We will use Bernoulii Naive Bayes Classifier from the **scikit-learn** package. This classifier works with a list of tokens consisting of features and labels. Here, each word that we extract from a tweet is a feature and its label will be either "positive" (1) or "negative" (0). 

We are now ready to read the data from the files.

In [4]:
tweets = []
y=[]
with open('../data/neg_tweets.txt','r') as infile:
    for line in infile:
        usedwords = []
        for word in line.split():
            if word[0] != '@' and len(word) >= 3 and word[0:4] != 'http':
                wordnp = word.translate(None, string.punctuation)
                if not(wordnp.isdigit()):
                    usedwords.append(wordnp.lower());
        dictwords = dict([(word, True) for word in usedwords])
        if len(dictwords) > 0: # We omit empty tweets
            tweets.append(' '.join(usedwords))
            y.append(0)

with open('../data/pos_tweets.txt','r') as infile:
    for line in infile:
        usedwords = []
        for word in line.split():
            if word[0] != '@' and len(word) >= 3 and word[0:4] != 'http':
                wordnp = word.translate(None, string.punctuation)
                if not(wordnp.isdigit()):
                    usedwords.append(wordnp.lower());
        dictwords = dict([(word, True) for word in usedwords])                    
        if len(dictwords) > 0: # We omit empty tweets
            tweets.append(' '.join(usedwords))
            y.append(1)

Here are two tweets in our desired data structure.

In [5]:
print tweets[0], y[0]

print tweets[-1], y[-1]

awww 0
breakfast burytoes from where oo haha shud eat burytoes one day oo yeh 1


Since we have appended the negative tweets followed by the positive tweets, we can split our data set into two. We shall use a quarter of the tweets for testing and the rest will be used for training. **train_test_split** shuffles them before creating our data sets for testing and training.
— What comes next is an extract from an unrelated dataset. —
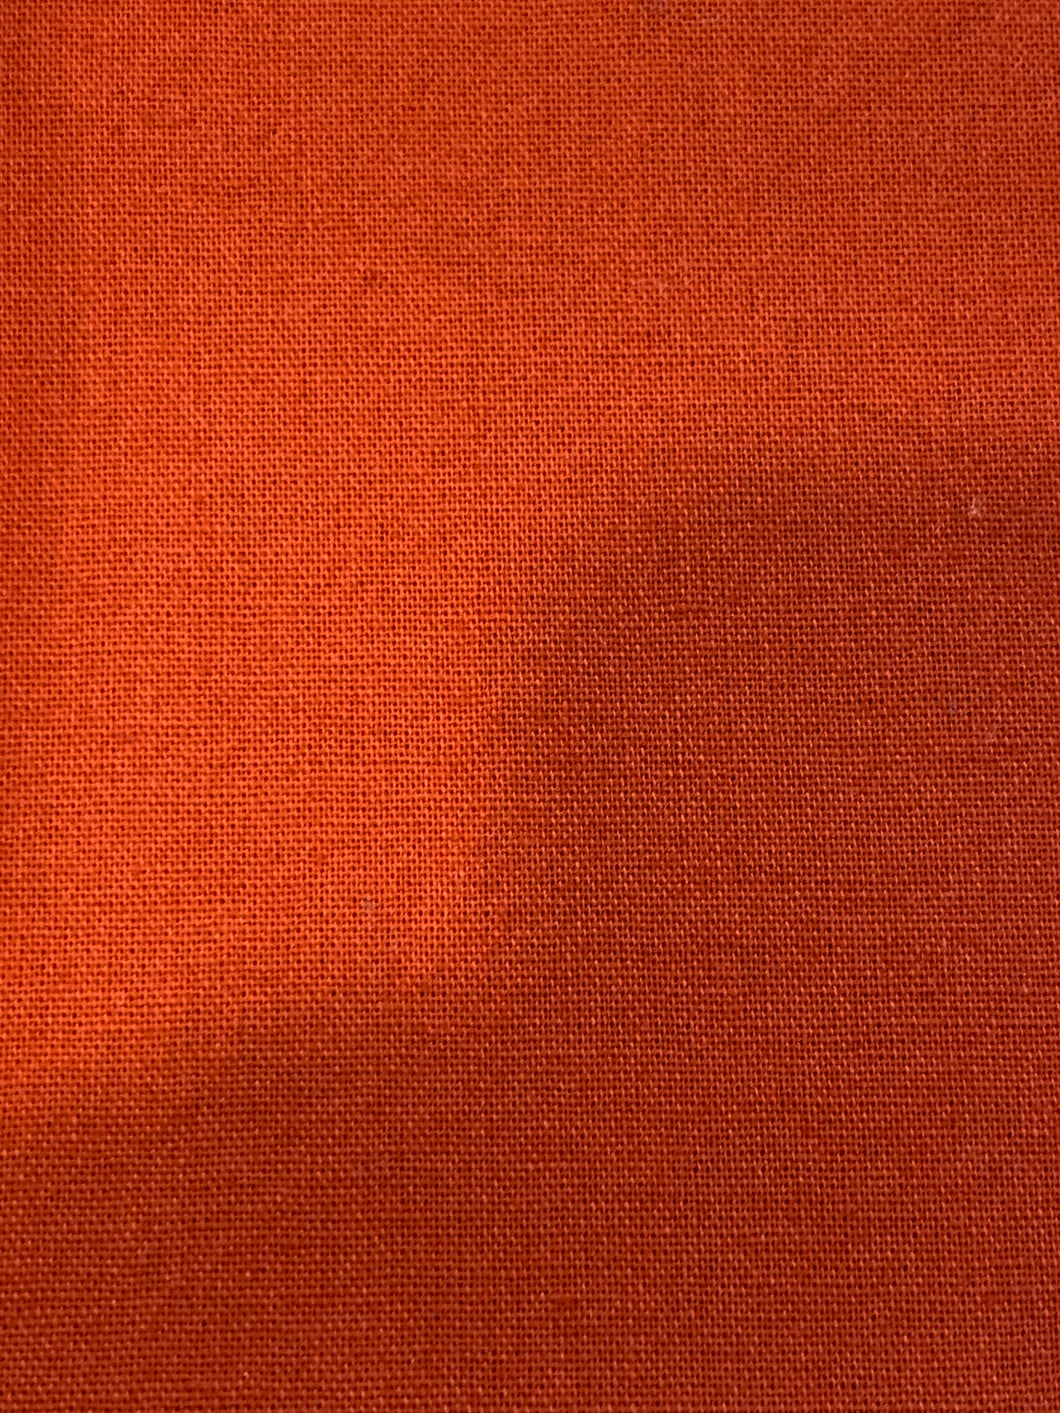 3-6  - Burnt Orange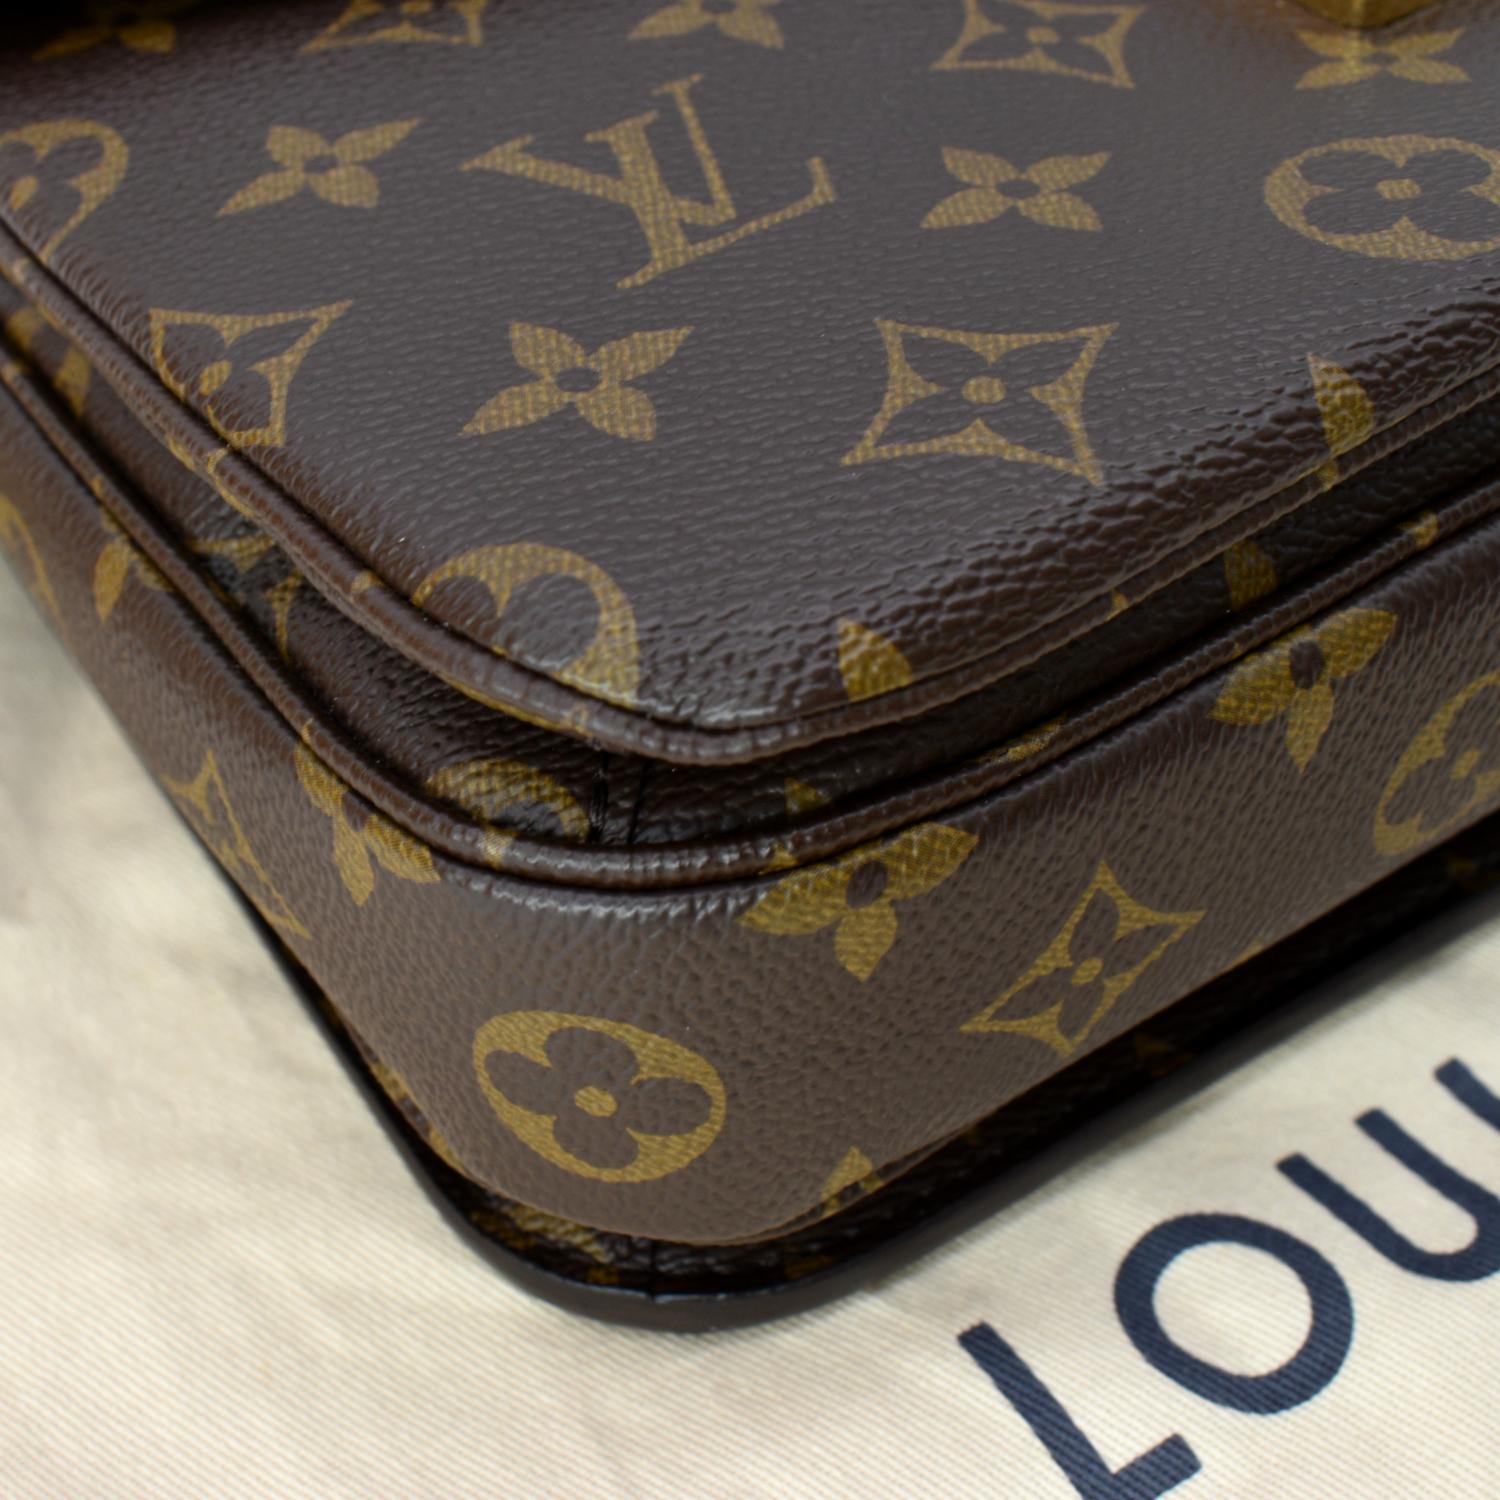 Louis Vuitton Pochette Metis 2WAY Bag 14145 Brown Ladies Handbag

Next, we import BernoulliNB and check our accuracy and AUC after training and testing our classifiers. In order to use BernoulliNB, we must create a term-document matrix consisting of 0 and 1s by using **CountVectorizer**.

In [6]:
from sklearn.feature_extraction.text import CountVectorizer
import numpy as np
from sklearn.cross_validation import train_test_split

X_train, X_test, y_train, y_test = train_test_split(tweets, y,train_size=0.75)

# We use stop_words = 'english' in order to remove stop words
# In addition to that we select binary = True to create a matrix of 0 and 1s.
cv = CountVectorizer(min_df = 1, stop_words='english', binary=True)
cv_matrix = cv.fit_transform(X_train)
#cv_matrix = cv_matrix.todense()
print(np.shape(cv_matrix))
from sklearn.naive_bayes import BernoulliNB

bnb = BernoulliNB()

#This line is for training
bnb.fit(cv_matrix,y_train)
print('BNB trained')

#In order to create test matrix we only use transform and not fit_transform
#This is to avoid new words being added to matrix, i.e. the number of columns in train and test data sets should be equal
cv_matrix_test = cv.transform(X_test)

from sklearn.metrics import accuracy_score, roc_auc_score

for clf in [bnb]:#,mnb,sgd]:
    print(accuracy_score(y_test,clf.predict(cv_matrix_test)))
    print(roc_auc_score(y_test,clf.predict_proba(cv_matrix_test)[:,1]))

(482112, 166370)
BNB trained
0.743889386699
0.820065203043


With a few simple steps, we have obtained almost 75% accuracy. Note that we have not excluded the frequently used words (the, are, for, etc.), neither did we remove the stop words (because, but, and, etc.) It seems that with a little bit more effort, the accuracy of our analysis can be improved. Furthermore, it may be worthwile to try alternate classification methods like Random Forests and SVM.